Background: Evidence-based medicine (EBM) is the integration of clinical expertise, patient values and current best evidence into the decision-making process for patient care. Practicing EBM involves determining the balance of benefits and harms for an individual patient, including consideration of all important outcomes and their relative importance. A decision analysis has previously seemed too complex for routine use in practicing EBM.
Objectives: We developed a simplified decision-analysis model to combine effect estimates for important outcomes and report a net effect estimate with a 95% confidence interval.
Methods: Statistical formulas for combinations of effect estimates were evaluated to understand the assumptions necessary for their use. Practical methods were devised to represent these concepts for clinical decisions and the process was demonstrated with three clinical examples.
Results: Assumptions for use of the model are that effect estimates: 1) have data that conform to a normal distribution; 2) are independent and not correlated with each other; and, 3) are expressed using the same units of measure. Each effect estimate is assigned a multiplier which conveys relative importance and converts all effect estimates to reference unit of measure. Statistical formulas to derive standard deviations of the mean from confidence interval widths for each effect estimate, then produce a 95% confidence interval for a net effect estimate, do not require statistical software.

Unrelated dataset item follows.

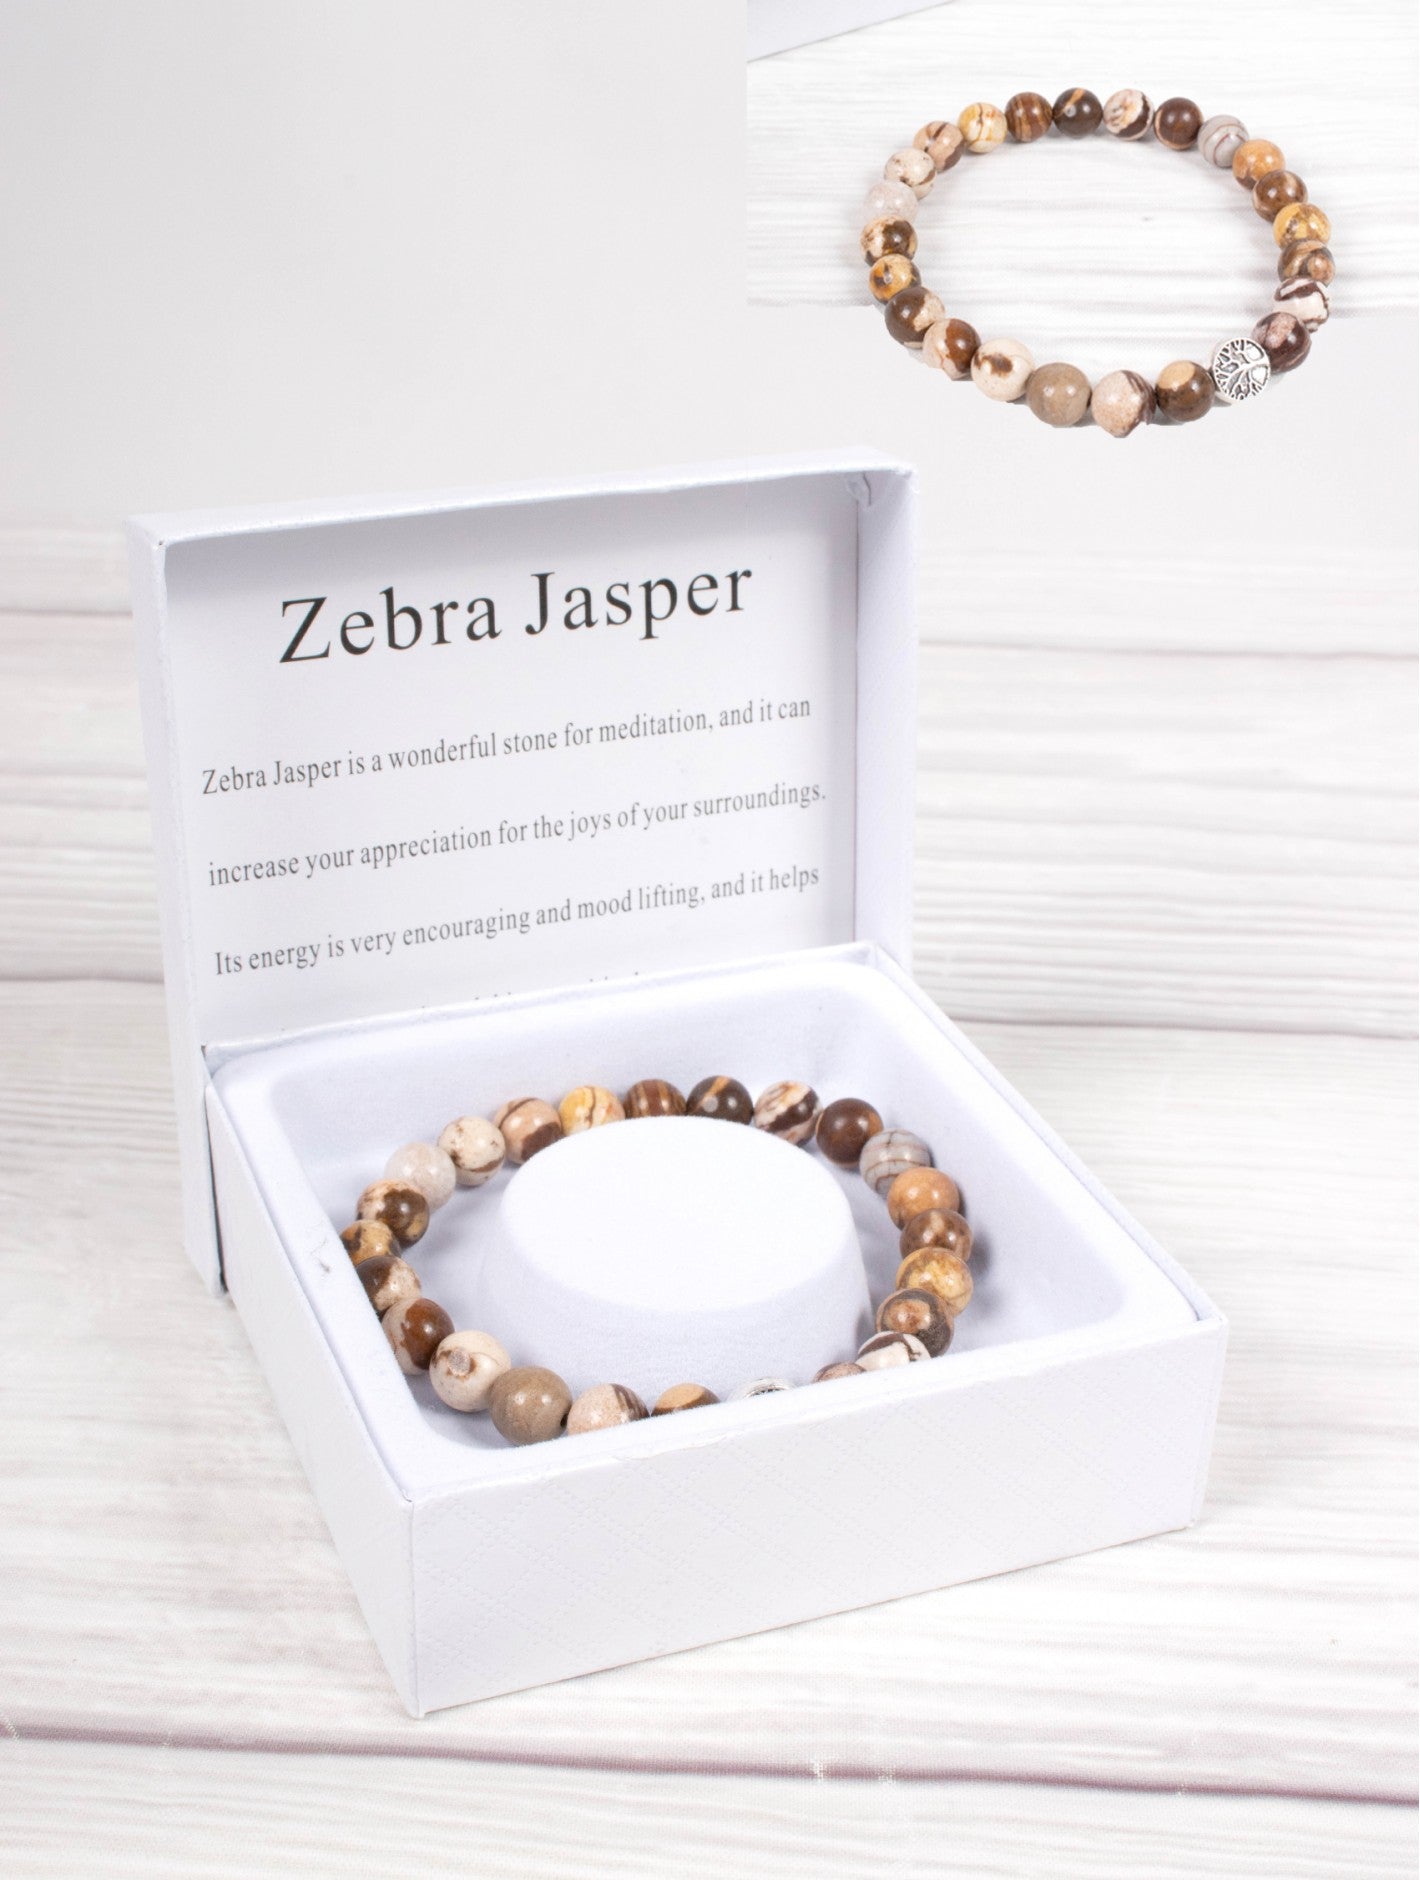 Blessings Bead Bracelet: Zebra Jasper

Conclusions: For relatively simple decisions (choosing between options without dependencies on a series of decisions) with understanding and acceptance of three initial assumptions, a simple decision analysis can be used to generate a net effect estimate with a 95% confidence interval to determine the likelihood of net benefit or net harm. This model could be used for individual decision making with the individual’s preferences defining the relative importance multipliers. For population-level recommendations as occurs in guidelines, the range of plausible relative importance multipliers can be used for a sensitivity analysis to identify preference-sensitive decisions.